The adaptation stimuli were kept the same as in Experiment 1a, except the speed of the moving gratings. The speed was determined by a pre-test for each participant. The pre-test had each participant perform the superimposed presentation condition with three different speeds, and with our altered test stimulus, intended to elicit a dynamic MAE (see below). The speed that was chosen was the one that yielded the least variance in reported MAE direction across trials. Two participants ended up with 2.03°/second for the slower grating and the other two with 3.38°/second. The other grating moved 4 times as fast as the slower one.

The test stimulus here was changed to a flickering pixel noise pattern (pixel size: 0.03°, mean luminance: 31.8 cd/m2, standard deviation: 15.9 cd/m2, flickering frequency: 30 Hz) to better capture the dynamic MAE11. Having already established in Experiment 1a that these participants could comply with the attention instruction, we were less interested in MAE magnitude this time, so the test stimulus was kept the same for every trial and never contained any net directional motion. Corresponding with this, instead of estimating a MAE nulling vector, we collected 8 direction responses for each condition and performed a different statistical analysis than for Experiment 1a.

On 6.25% of the trials (12 trials total), observers reported a MAE that moved downwards. Given that all the motion in the adapters was downward (both the component gratings and the plaid), these responses were taken as mistakes and excluded from further analysis.

Results

The MAE direction for each condition is shown in Fig. 3e. A single-trial analysis was conducted with linear mixed-effects models42. LME models allow us to account for all the responses participants made rather than collapsing per observer-condition combination (i.e. within-subject variability is included in the model as a random effect). We included attention (two levels) and adapter (three levels) as fixed factors. Neither the attention effect nor the interaction between attention and adapter was significant, but the adapter effect was (see Supplementary Table for detailed statistics). A post hoc analysis showed that in the superimposed presentation condition the MAE had a significantly less-vertical angle than in the other two conditions, consistent with the results of Experiment 1a. To more closely examine the fate of the dichoptic stimulus in the unattended condition, the same analysis was conducted for the three unattended conditions alone with the adapter as the fixed factor. The adapter effect was significant and the post hoc analysis showed that the unattended superimposed condition had a significantly less vertical MAE angle than each of the other two unattended presentation conditions, but that there was no significant difference in MAE angle between the unattended dichoptic condition and the unattended sequential condition.

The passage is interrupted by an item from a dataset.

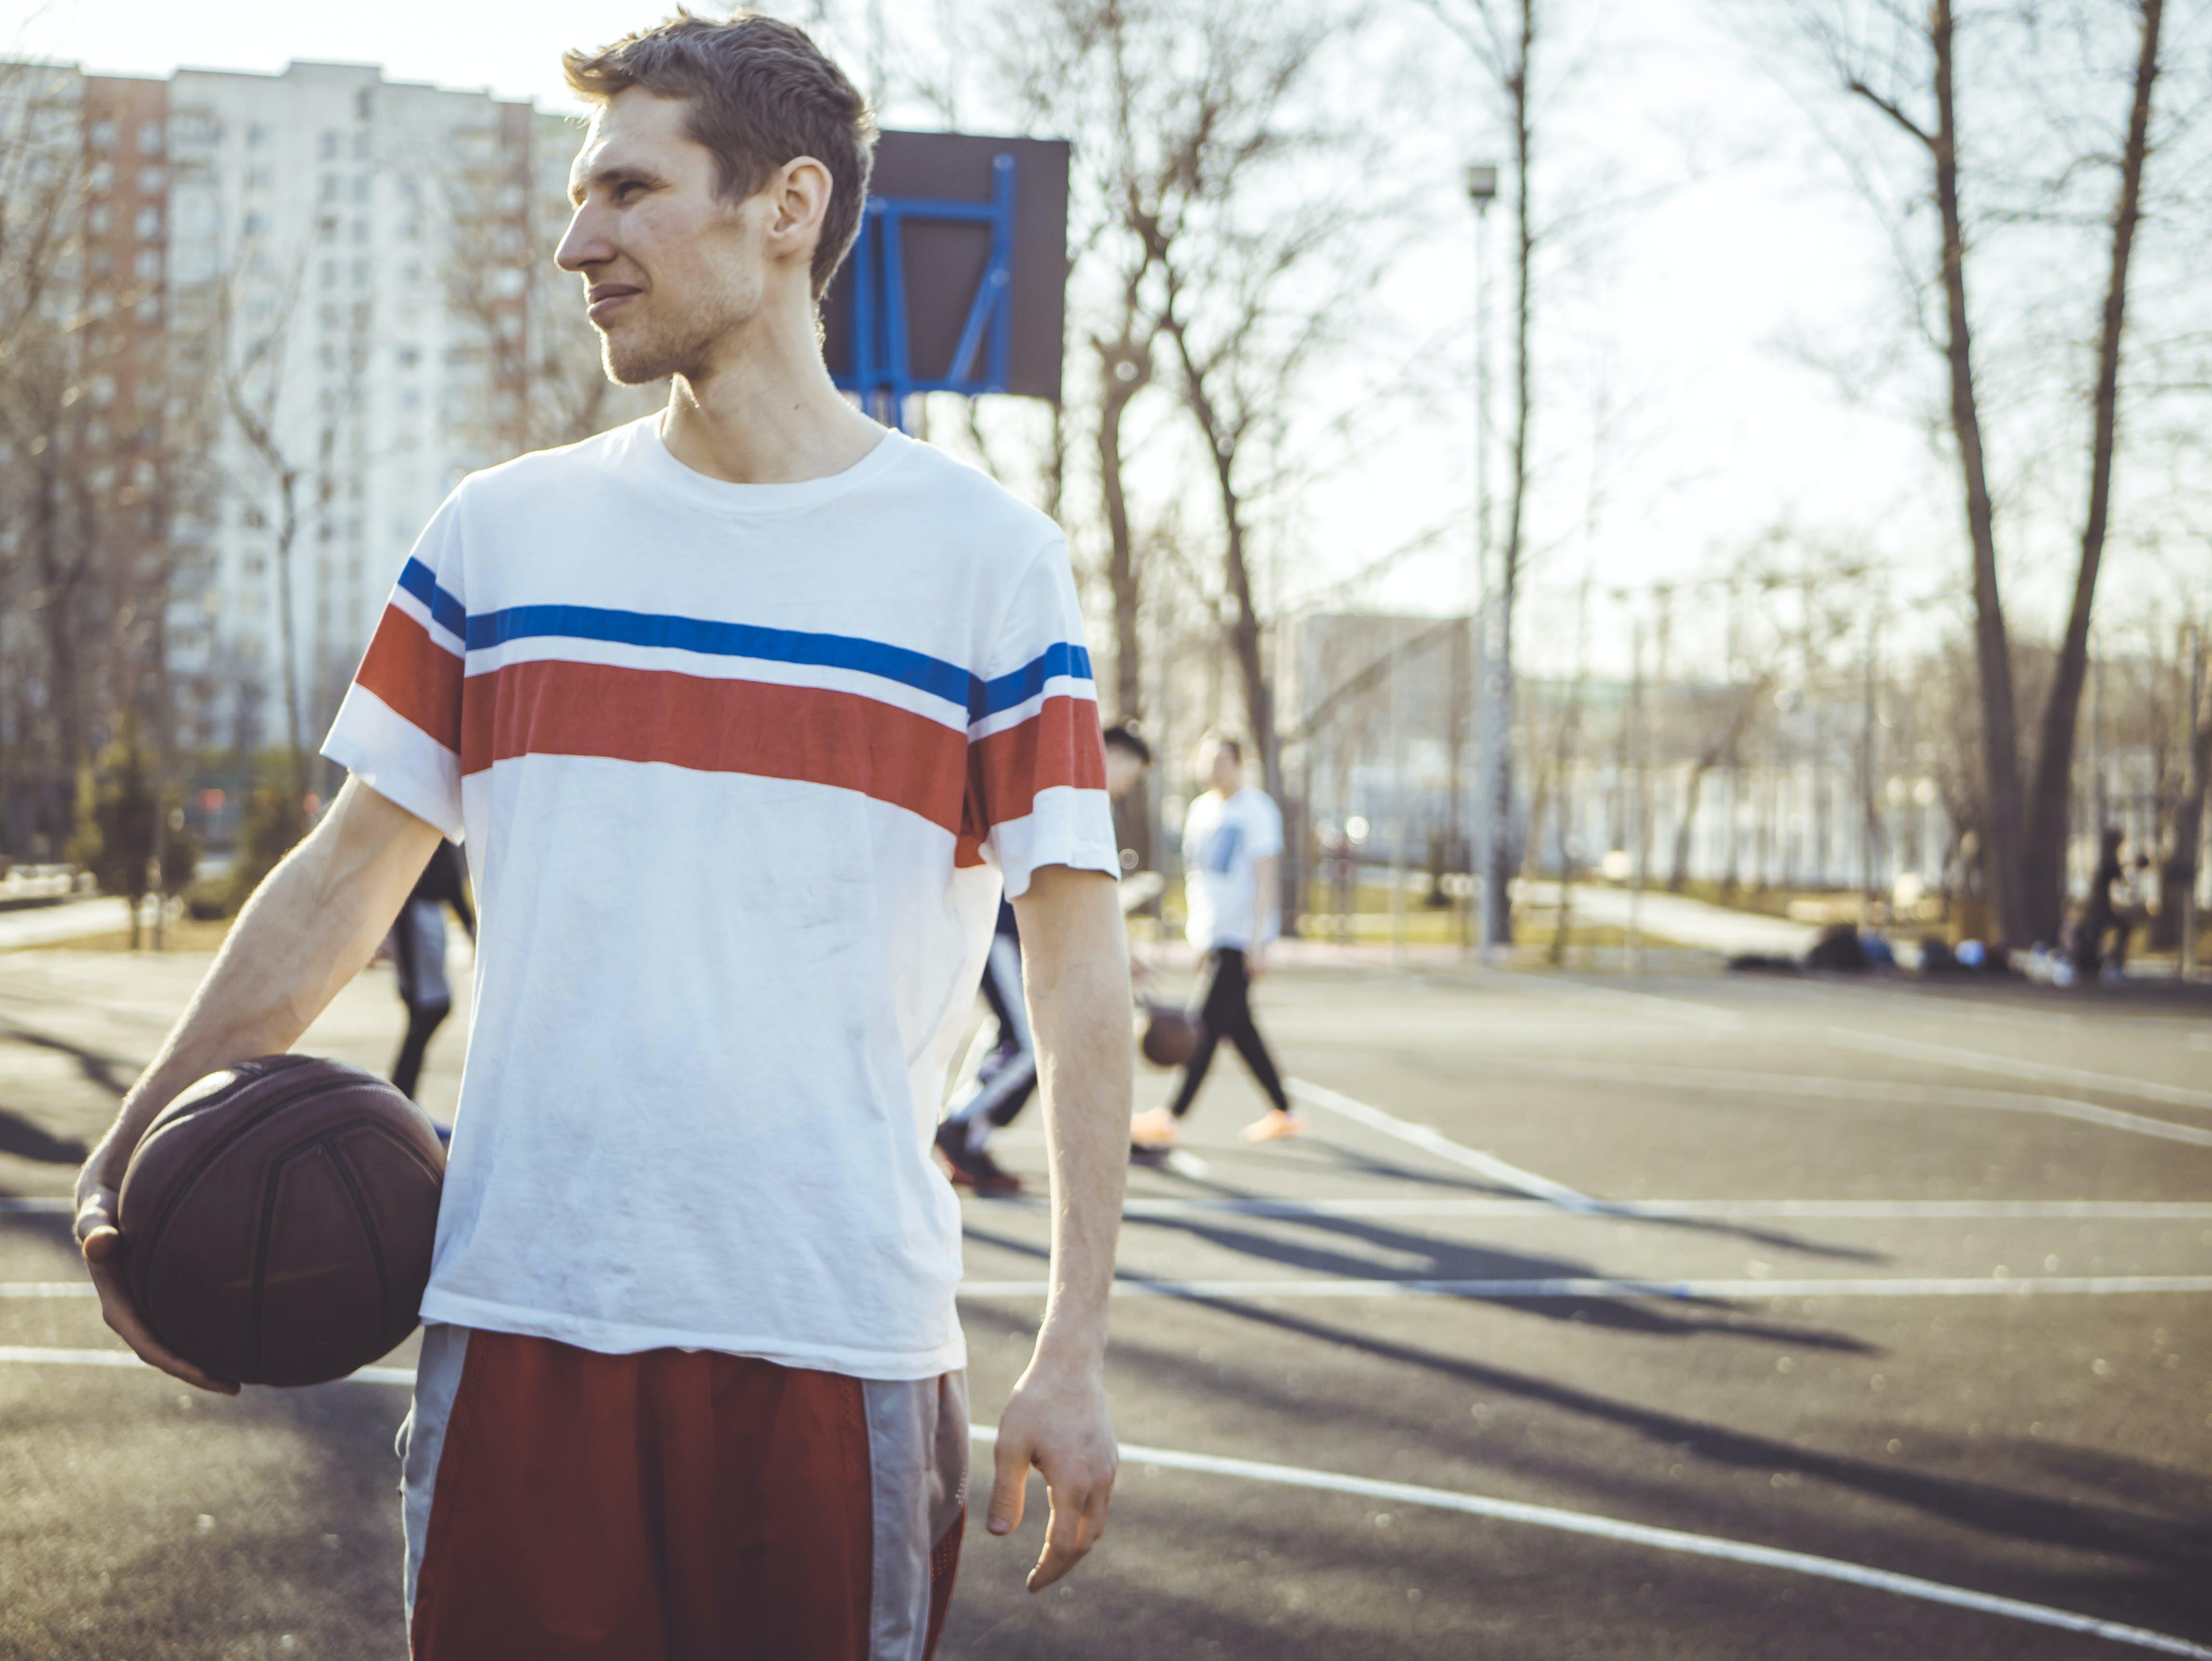 Man Wearing Shirt Holding Basketball in Court

Conclusion and discussion of experiment 1b

We found that MAE direction in the unattended dichoptic presentation condition, which is our critical condition, was significantly different from that in the superimposed presentation condition, but indistinguishable from that in the sequential presentation condition. This further bolsters the interpretation that in the absence of attention, conflicting information from the two eyes is not fused.

Experiment 2

The first two experiments suggest that an exceptional situation arises when dichoptic stimuli are viewed but not attended: the monocular signals do not engage in rivalry, but they are not fused either. To investigate whether this remarkable situation is unique to unattended dichoptic situation or, alternatively, whether it applies to unattended binocular stimuli generally, we performed a final experiment examining the fate of non-conflicting binocular input in the absence of attention. Two compatible monocular images can clearly be fused when attention is applied, but it remains unclear whether they still fused in the absence of attention. Can normal interocular fusion be abolished by inattention?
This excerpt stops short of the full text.